The authors’ decision to virtualize their SCM is an interesting one: “[V]irtualization prevents a memory leak in one program from monopolizing a finite amount of SCM.” Thus, they stage SCM content to disk between processes. Consistency of data is provided by “ordering writes”. The authors identify four consistency mechanisms:
- Atomic variable update – update the data in place as a single all-or-nothing operation.
- Append updates – data is not written in place, but rather a new copy is written, such as it might be to the end of a log (such updates are ordered).
- Shadow updates – data is written to a new location and once done, the pointer to the old copy is updated to point to the new copy (e.g., via an atomic variable update). The authors point out there is a potential leak here that must be handled properly.
- In-place updates – used for data structures that can be modified in place; provided the operations are ordered.

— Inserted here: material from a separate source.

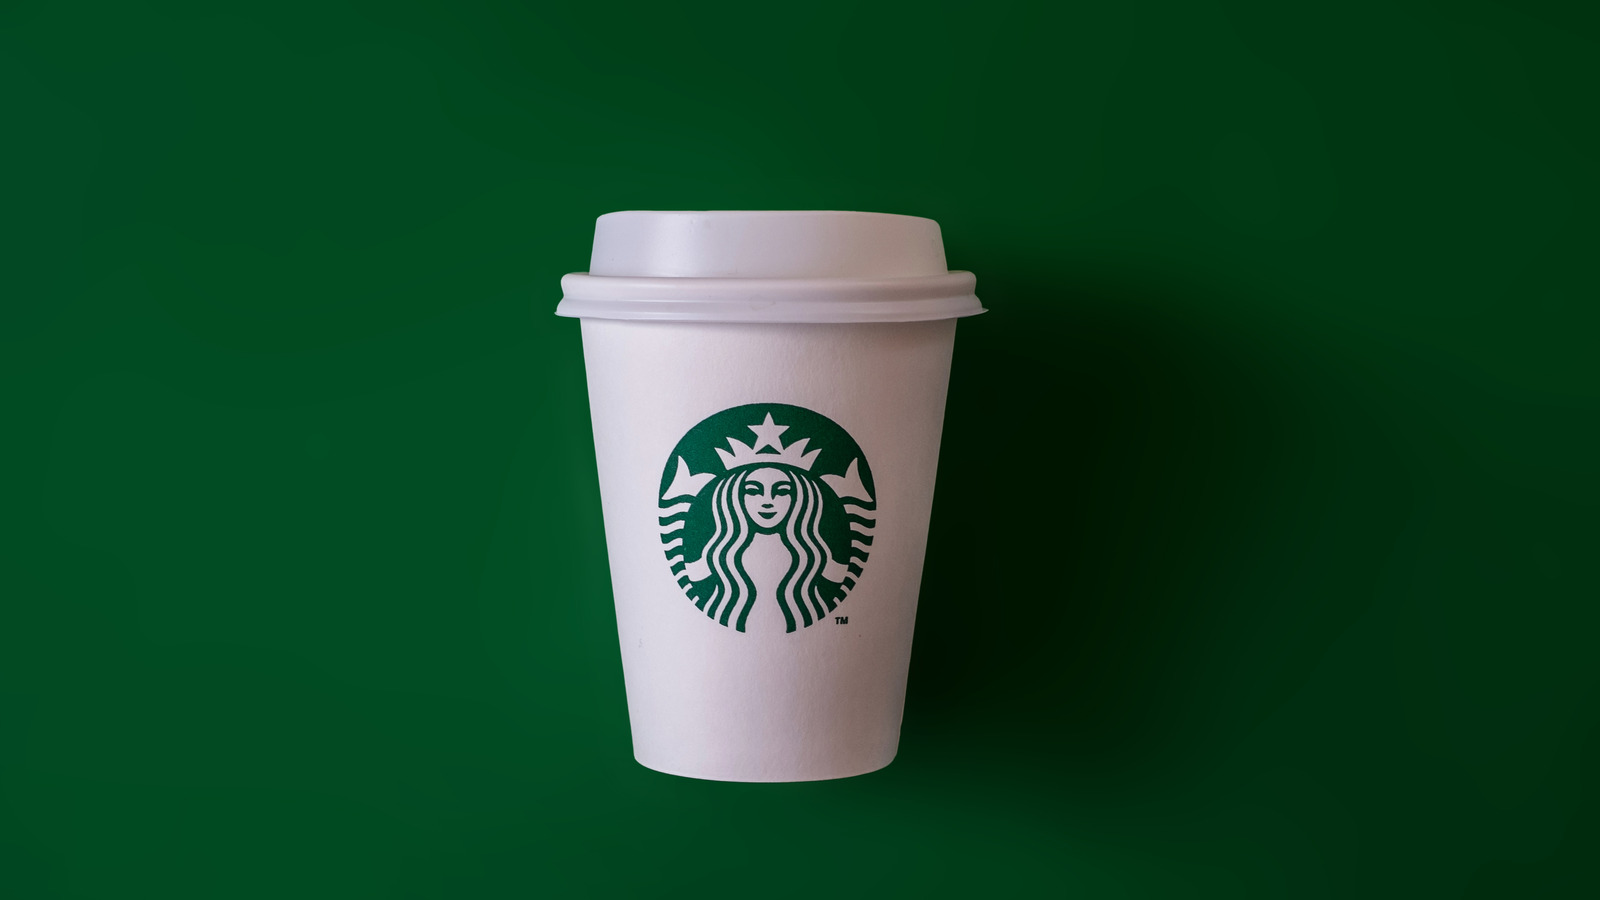 https://www.tastingtable.com/img/gallery/the-september-half-off-starbucks-deal-only-some-people-are-getting/l-intro-1663342291.jpg

Consistency guarantees for persistent memory are accomplished using processor semantics and mechanisms:
- A write through operation (e.g., a temporal move) that is written directly to memory.
- Memory fences that ensure strict ordering of operations before the fence relative to operations after the fence.
- Cache line flushes. The CPU stores memory inside the processor while it is acting upon it. In fact, a modern CPU has multiple levels of memory. The most expensive (and smallest) will be the Level 1 cache. It’s also the fastest. L2 cache is larger and slower than L1 cache. L3 cache is typically shared with all CPUs on the processor; it is the largest and slowest of the caches.
For storage people, some of this is familiar and some of it is different – instead of worrying about storage stack semantics we’re now worrying about processor cache semantics. One upside is that processor semantics are more rigidly enforced than storage semantics (e.g., disk drives that lie and say that the data has been written when it hasn’t.) One downside is that it’s a new failure domain. For anyone used to working with persistent storage, understanding the failure domain is vital. I suspect it is also different for people used to thinking about the processor perspective, since persistence isn’t usually something you have to reason about.
Mnemosyne implemented a persistent heap allocator, a modified version of Intel’s STM Compiler (we’ll see later that others had to move that work to other compilers because it is now abandoned), a logging mechanism, a persistent region mechanism, a transactional system (based upon TinySTM).
Their results are, of course, good. After all, if they had not been good, they wouldn’t have been published. They outperform BerkeleyDB (for some metrics). They demonstrated a fast and persistent red-black tree implementation. They show the benefits of asynchronous truncation.
Mnemosyne was a useful contribution because it was an early exploration into considering how we should use byte-addressable non-volatile memory. The library they built is used in future work as well, and this is a heavily cited paper.